Misa lalu membeli 1 hektar sawah senilai Rp.50 juta tahun 1991 untuk memproduksi jerami. Karena tinggal di lingkungan petani miskin,
perkembangan usaha Misa yang sangat cepat itu menimbulkan kecemburuan.
"Kami sudah berpuluh-puluh tahun menanam padi tetap miskin,
tapi si jurig supa hanya beberapa bulan sudah kaya raya," kenang Misa menirukan umpatan warga. Mereka pun ramai-ramai membakar
kubung-kubung jamur Misa.
"Hati saya hancur saat melihat kepulan asap keluar dari sisa-sisa pembakaran kubung," kata Misa. Ia pun stres dan hampir frustasi
menerima peristiwa pada pertengahan tahun 1992 itu. Namun, ia segera bangkit, membangun 30 kubung baru senilai Rp.35 juta
dengan uangnya yang tersimpan di dalam drum selama usahanya berbulan-bulan.
Profil Misa Suwarsa
Lahir : Depok, Jawa Barat, 9 April 1959
Istri : Yani Sumarni (38)
Anak : Muhamad Hidayatulah (16); Siti Nurjanah (7)
Pendidikan :
- SD, SMP, SMA di Depok
- S-1 Kimia Teknik Universitas Muhammadiyah Jakarta
- S-2 Kimia Teknik Institut Teknologi Bandung (ITB)

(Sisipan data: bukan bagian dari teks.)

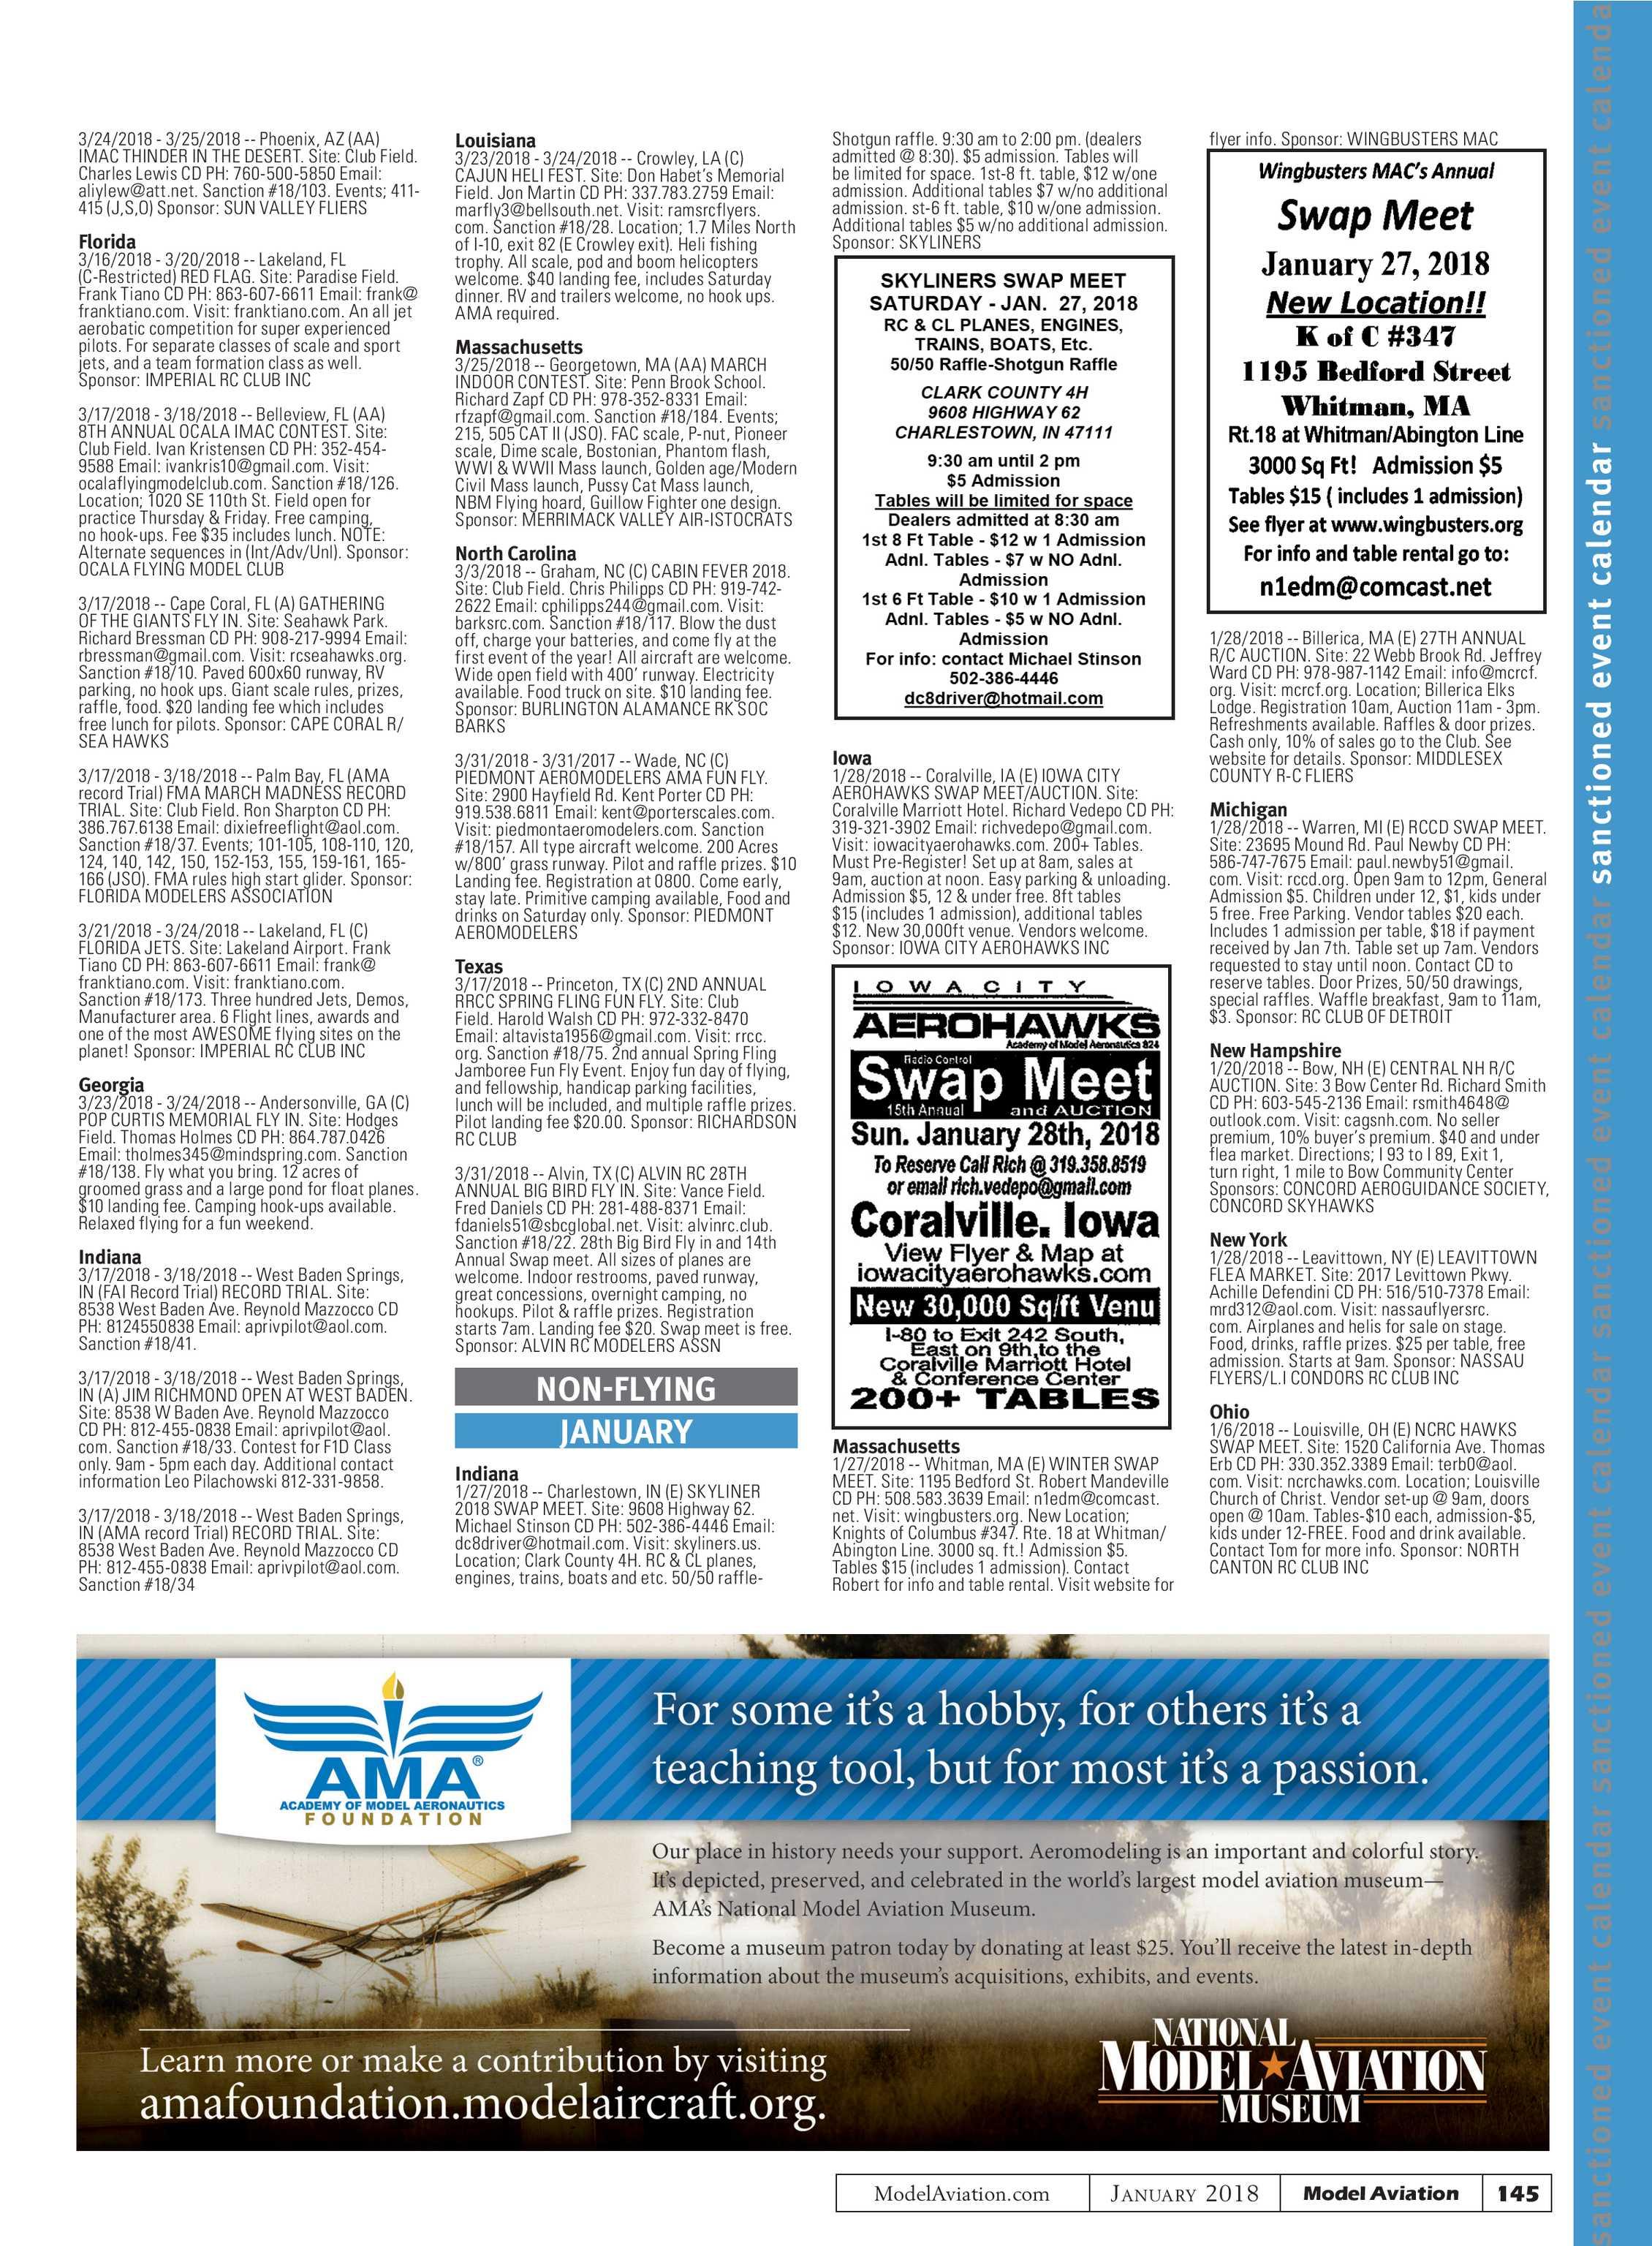 Model Aviation - January 2018 - page 144

- S-3 Universitas Sorbonne, Perancis dan ITB
- Belajar jamur di Universitas Shanghai, 2004
Pekerjaan :
- Kepala Pusat Pendidikan dan Latihan Jamur Merang, Kelompok Tani Jamur Prima, Desa Mekar jati, Kecamatan Karawang Barat, Karawang, Jabar
Usahanya berkembang pesat karena dibantu puluhan tenaga kerja. Seiring berjalannya waktu, Misa membuka pelatihan magang
bagi para calon wira usaha melalui Pusat Pendidikan dan Latihan Jamur Merang Kelompok Tani Jamur Prima, Karawang.
Misa bercerita mendapat ilmu "perjamuran" itu semasa masih mengajar di ITB, tinggal di Dago bandung Utara. Saat itu dia bertetangga
dengan Prof Han, guru besar yang saat itu menjadi dosen tamu mikrobiologi di ITB.

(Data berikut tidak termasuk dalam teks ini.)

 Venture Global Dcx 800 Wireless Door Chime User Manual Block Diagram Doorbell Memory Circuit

Suatu saat, profesor itu harus segera pulang ke negerinya, Jerman.
Dia menitipkan buku-buku miliknya yang tak sempat dibawa pulang ke negerinya kepada Misa. "Saya percayakan kepada kamu.

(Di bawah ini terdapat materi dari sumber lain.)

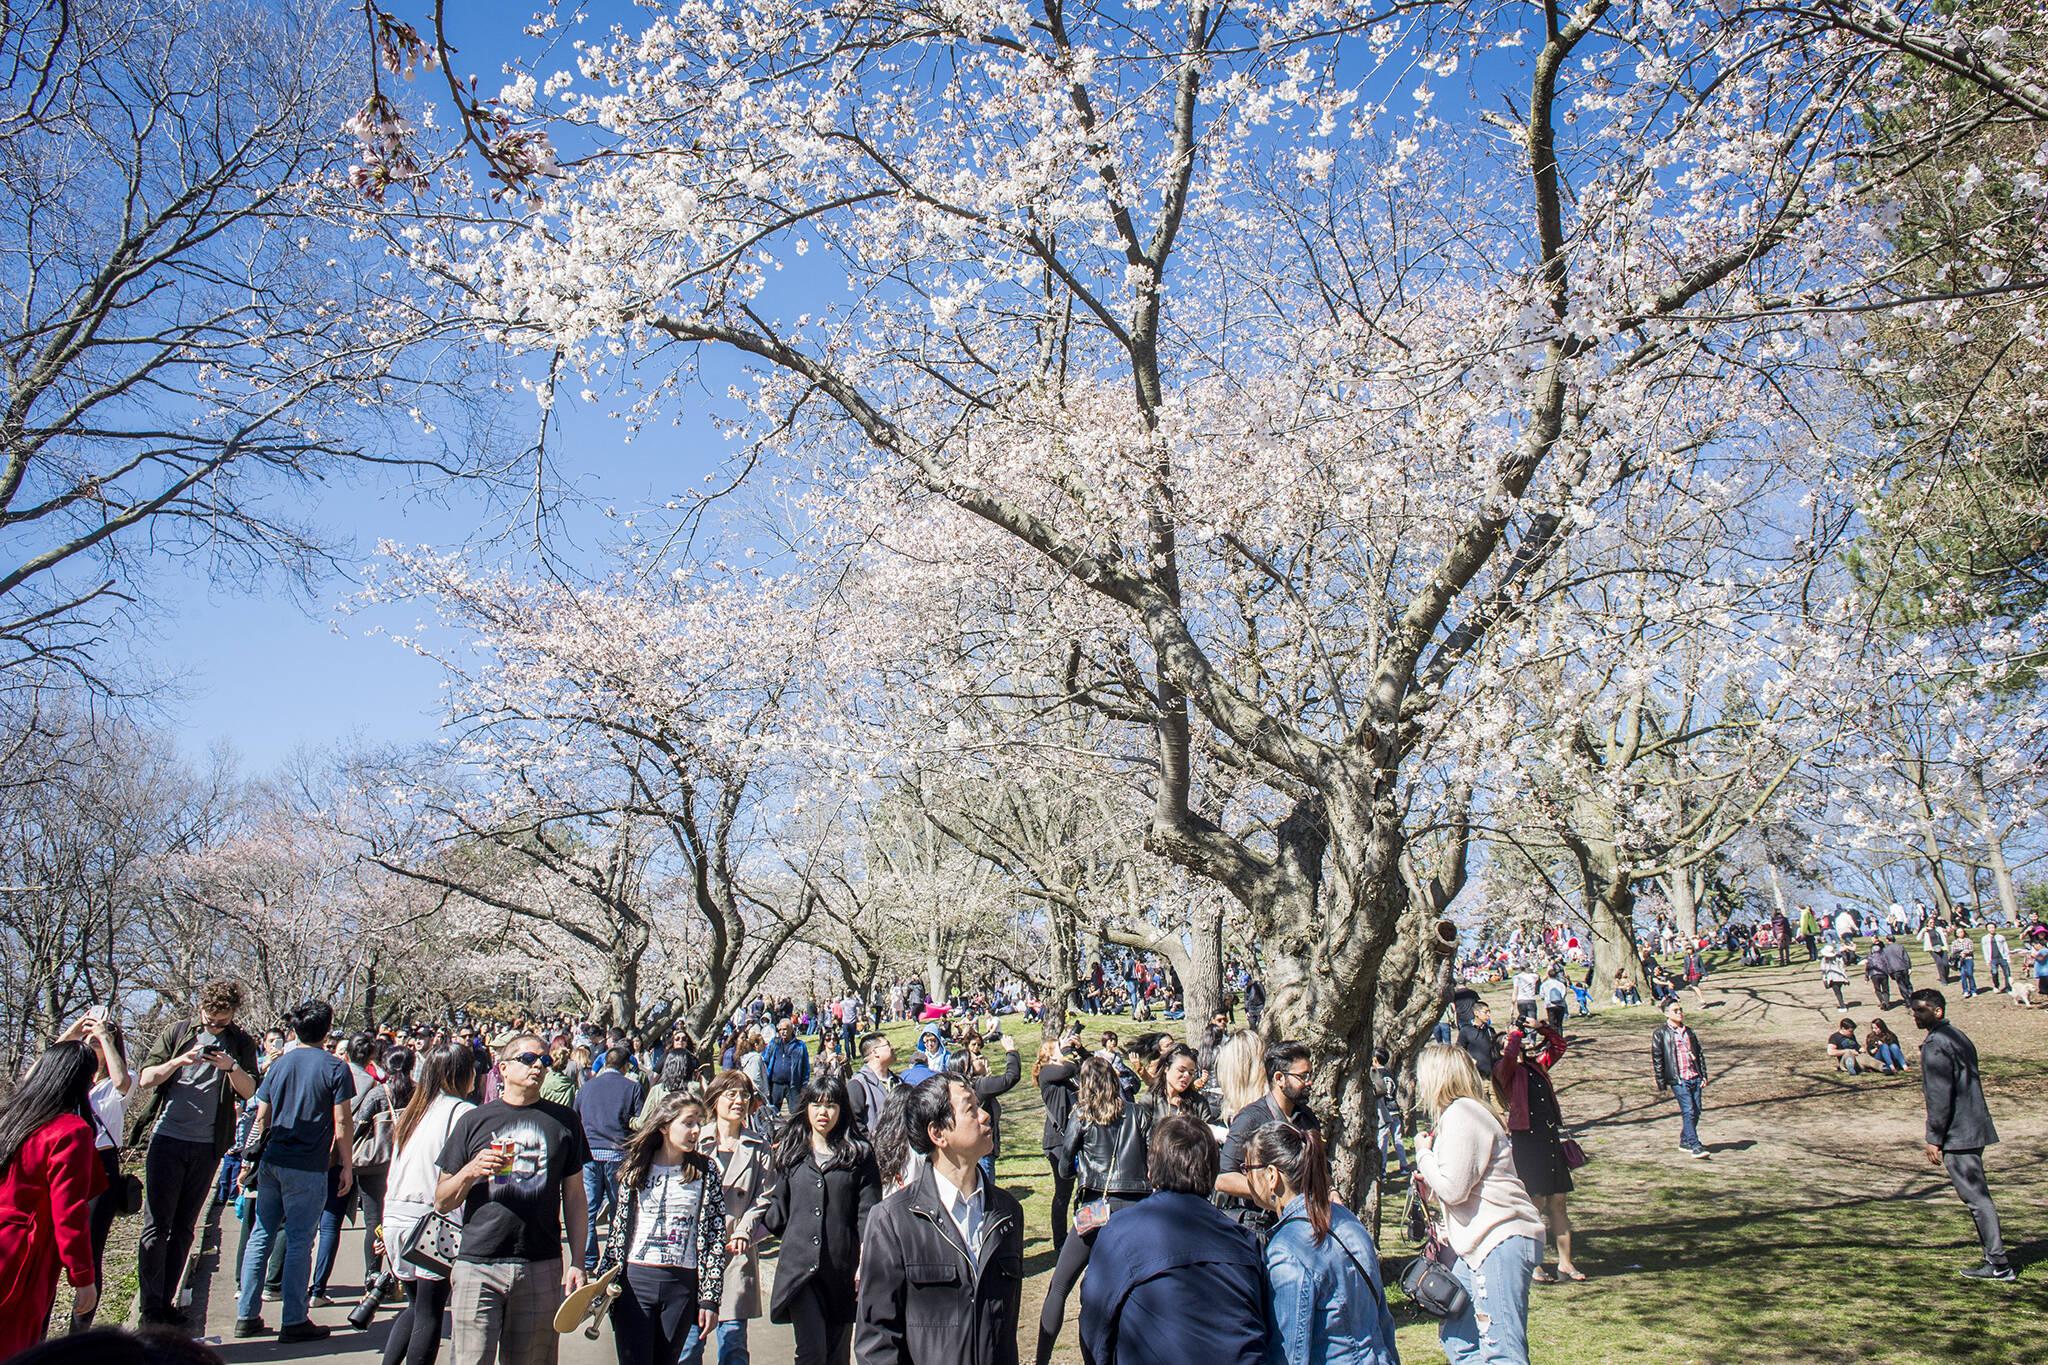 high park cherry blossoms 2018

Buku-buku ini jangan ssampai keluar karena bersama 40 profesor lain kami sudah disumpah untuk tidak keluar ke negara lain," ujar Prof Han.
Dasar "tukang insinyur sableng", sesudah guru besar pergi, ia melakukan nusumu, mempelajari buku-buku mikrobiologi itu.
"Ternyata bahasanya China ssehingga saya harus minta bantuan seorang teman menerjemahkan," kata Misa.
Dari situlah Misa nekat hengkang dari ITB dan menjadi jurig supa hingga sekarang. Dari pusat pendidikannya,
kini sudah ratusan orang menjadi pembudidaya jamur diseantero Nusantara.